First, def a function called cube that takes an argument called number. Don't forget the parentheses and the colon! Make that function return the cube of that number (i.e. that number multiplied by itself and multiplied by itself once again). Define a second function called by_three that takes an argument called number. If that number is divisible by 3, by_three should call cube(number) and return its result. Otherwise, by_three should return False.
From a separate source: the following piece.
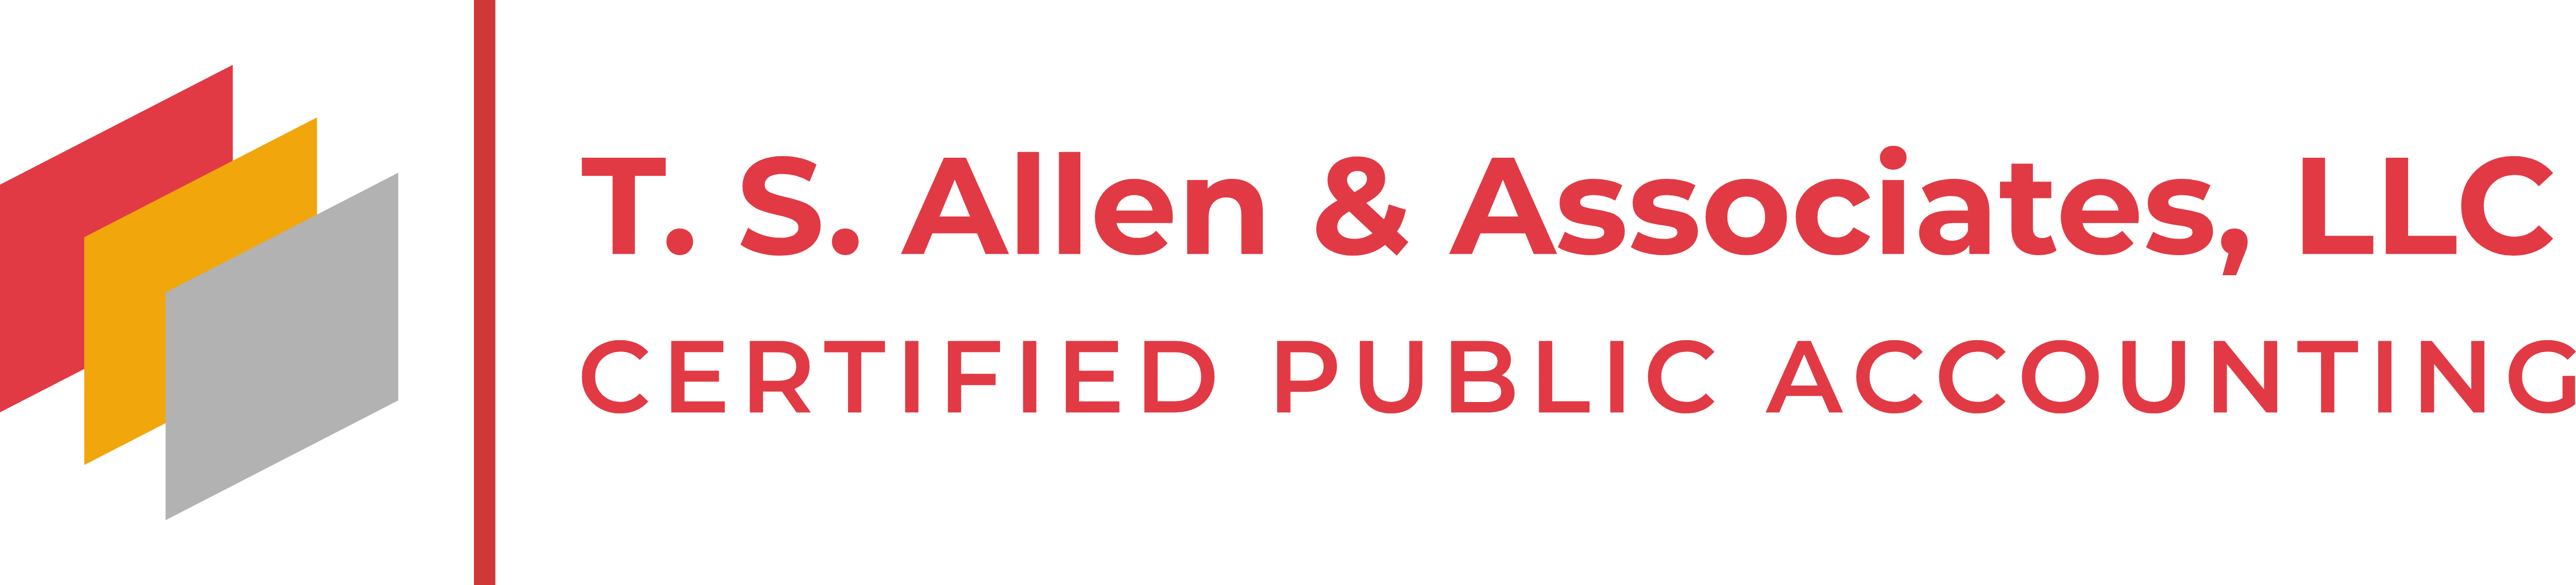 T. S. Allen & Associates, LLC Logo

Don't forget that if and else statements need a : at the end of that line!


Here is my code that does not work.

Code:
def cube(number):
  return number ** 3
def by_three(number):
  if number / 3 >= 0 by_three:
  return cube(number)
  
  else: by_three return False
Pretty sure my problem is here:

if number / 3 >= 0 by_three

But to my newb eyes it looks like it should work.
Hey I've never written Python before, but it looks like your problem is indeed on that line as per some online syntax checkers

If we look at the syntax of an if statement:

if condition :
indentedStatementBlockForTrueCondition
else:
indentedStatementBlockForFalseCondition

and compare it to the line in question:

if condition nameOfAFunctionDefinition (?)

it doesn't seem to follow the correct syntax

If you want to perform the function call when the condition is true, it seems as though the call should be moved to the following, indented line, right?




Last edited by doritos93; 02-08-2018 at 09:51 AM.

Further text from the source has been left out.